3. Lipids are supposed to be identical, but there's no breakdown. LCHF usually better than anything else.

4. This is the worst. Carbman's insulin has risen but his resting blood sugar is the same. Proteinman's blood sugar has risen but his insulin is not that high. A bearded labman (A Dr.(PhD) Richard Mackenzie) says...
"your sugar is raised, on this diet and your insulin is low". This is interpreted as pre-diabetes and the lowish insulin is because his body is about to pack in insulin production thereby making him diabetic. This diet is not good for him etc. I've actually emailed him since and asked how could a diet which is demonstrably the best for type 2 Diabetes possibly do this. All I got was evasion and I'm too busy etc.
I'm a doctor myself and I couldn't believe such an outcome. It would be impossible for a diet which is THE most successful at controlling type 2 diabetes to make someone diabetic.
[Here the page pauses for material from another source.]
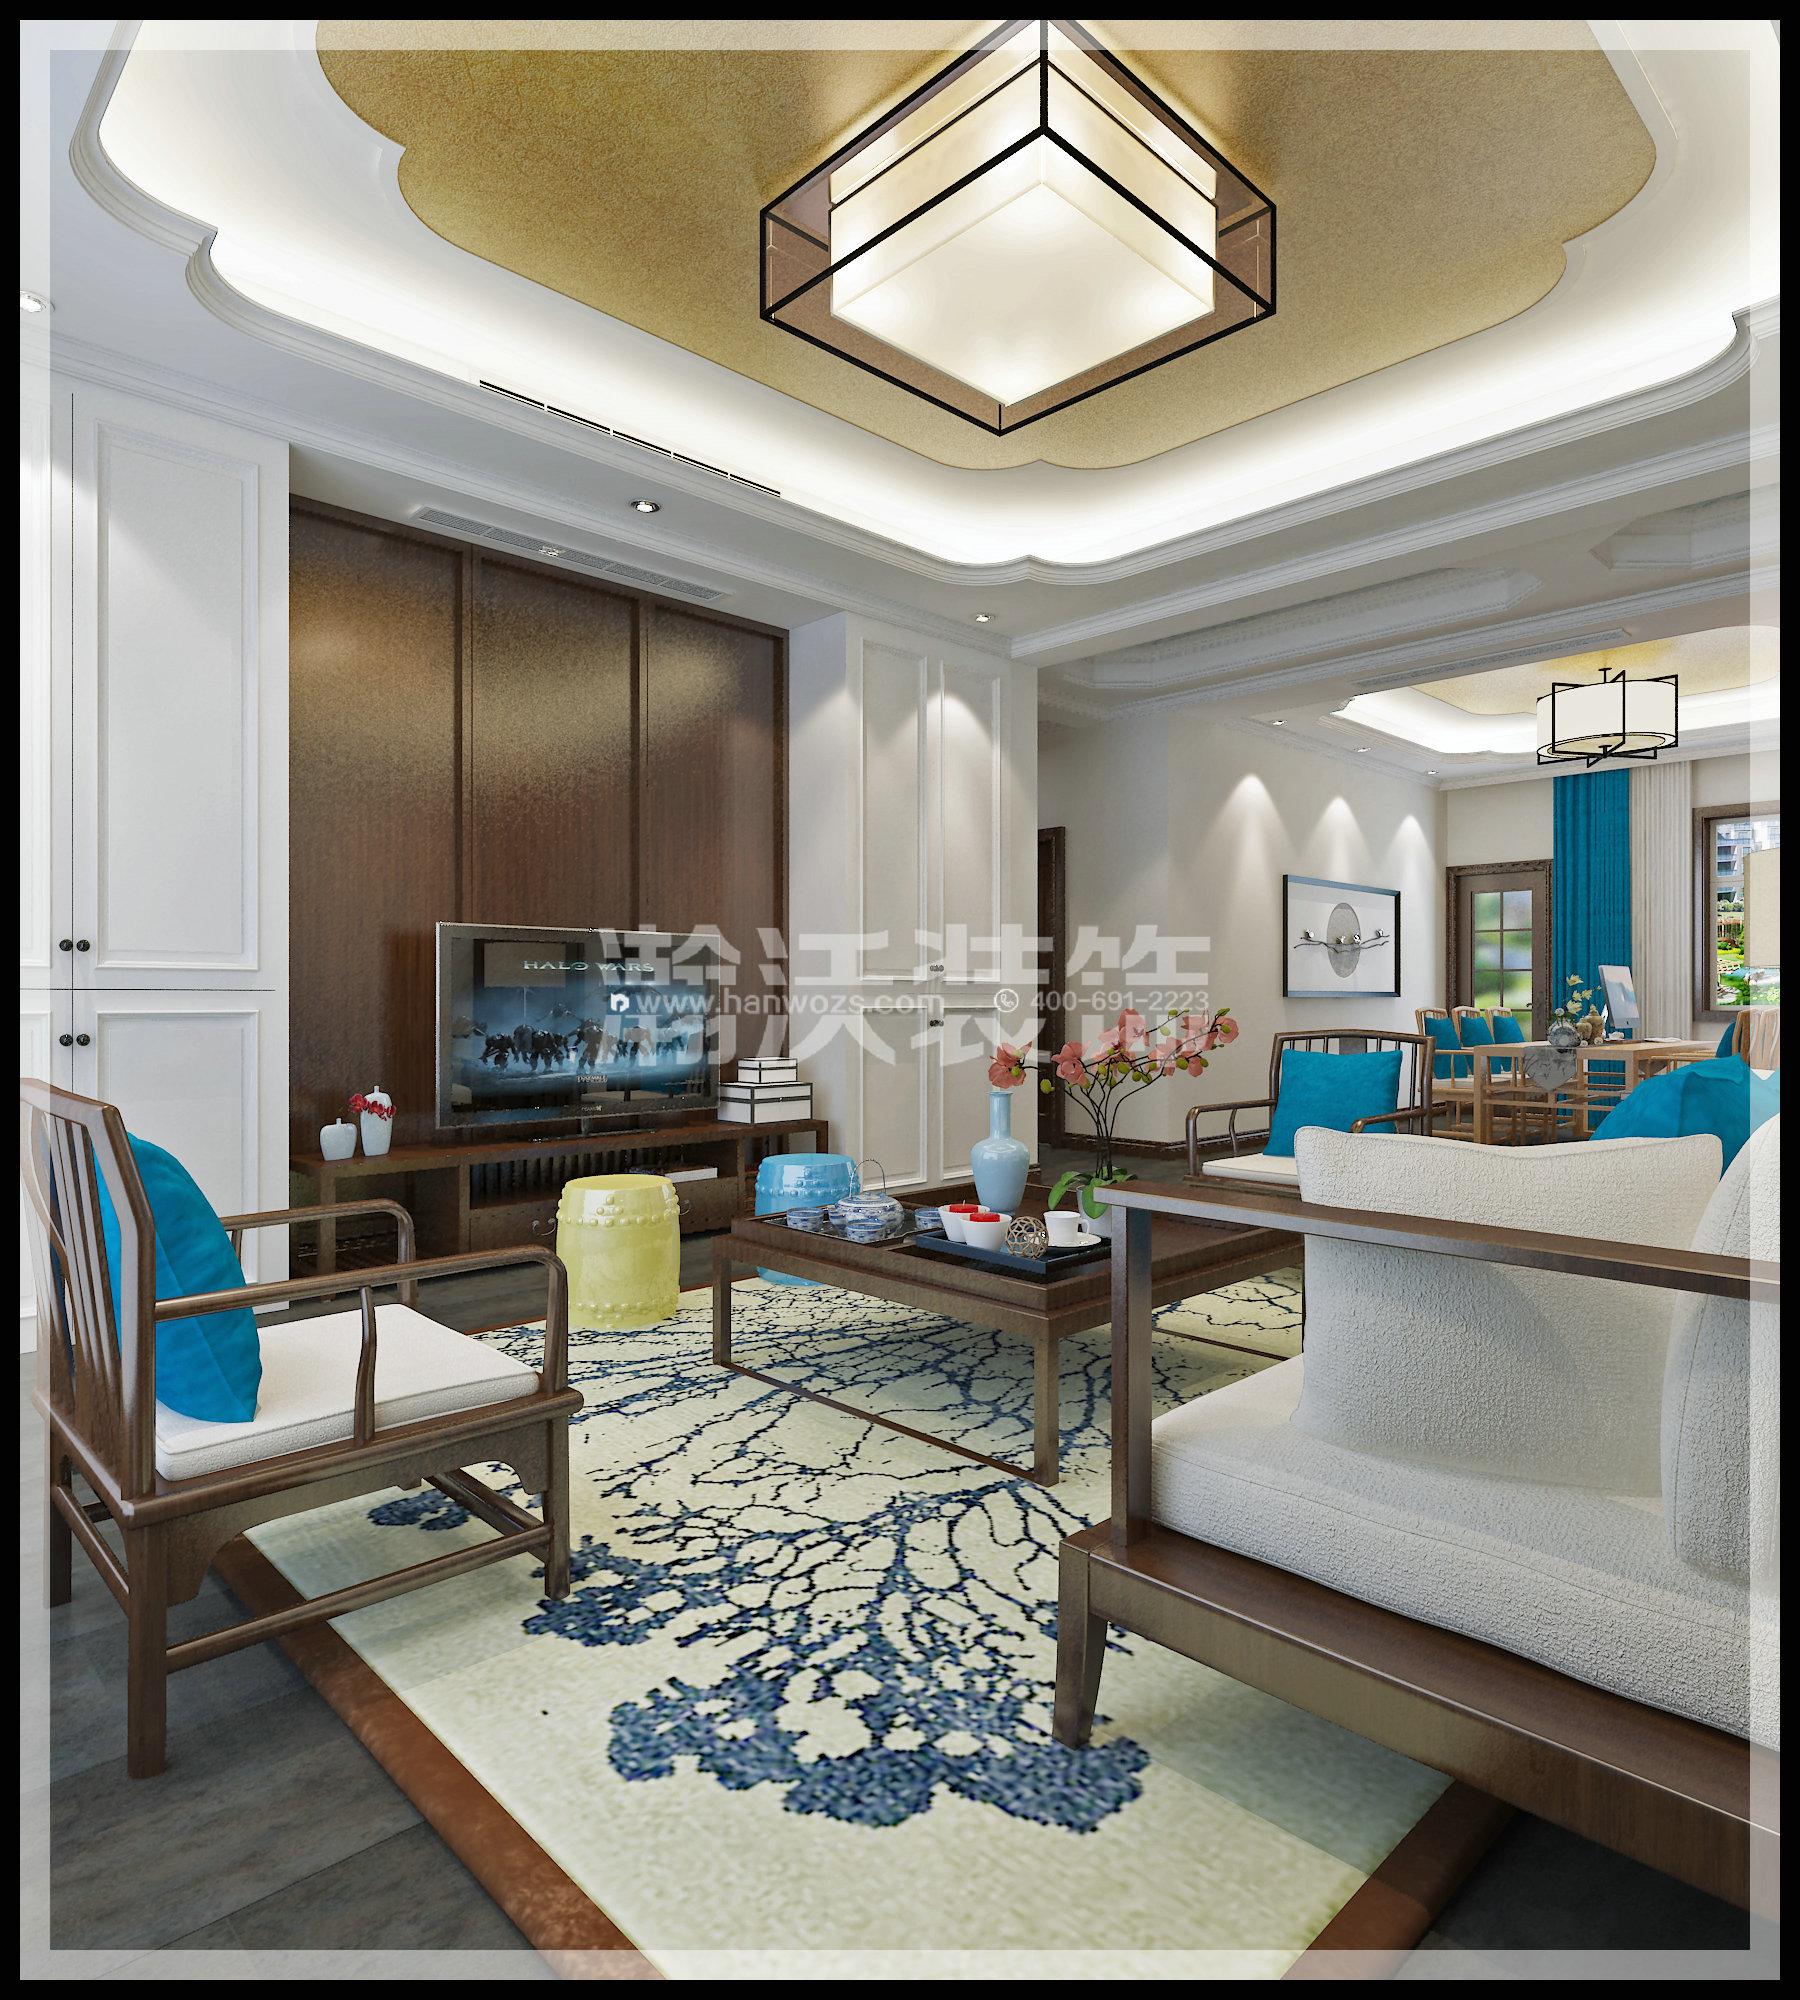 四居 新中式 星河盛世 装修效果图 客厅图片来自河北瀚沃装饰在星河盛世208㎡四居室新中式效果的分享

I thought to myself, this is either an error or it's due to ketosis.
Ketosis is a biochemical condition the body goes into when you're either starving or eating little or now carbohydrate.
Lets look it up.


http://ketopia.com/high-blood-sugar-in- ... metabolism/

In this, the very first link I found was exactly what was found in him. A raised blood sugar and mildly raised  insulin. This is a normal finding in ketosis and has no sinister implications whatsoever. What it in fact is is the body raising the basal level of sugar in the blood, as on this diet it's not going to vary much. The degree of liver insulin resistance in this case protects the brain's glucose supply.When eating a mixed diet, the blood sugar shoots up and down depending on the carbs you eat.
This is a huge blunder in a programme like this. If something doesn't make sense, look it up.
The problem is that the person seeing such a business may not know enough to see it's a problem.

When you take these errors into account you see that the programme was absolutely worthless, in fact a black mark on its makers.

Grrr!

Garry Lee, retired Consultant Histopathologist, also qualified as a Physician.


Sunday, January 26, 2014

Fat and Heart disease.

Fat and Heart disease.


Why Carbohydrate is the bad boy, not fat, as simply put as it can be.


The fat you eat is not turned into bad stuff in the blood.

The bad stuff in the blood is made by the liver (this has different lab characteristics)

The liver makes this as a response to carbohydrates (starch and sugar) in the diet.

The bad stuff in the blood is NOT what primarily gives you heart disease but acts as a marker for it possibly being present.

The carbohydrate with the resultant high blood sugar AND high insulin is the side-effect which produces the arterial disease.

One sentence then:

Excess carbohydrate raises blood sugar and insulin which in the course of time, damages arteries and the liver changes the blood lipids which may act as a marker for the damage, but the dietary intake of GOOD lipids is not involved.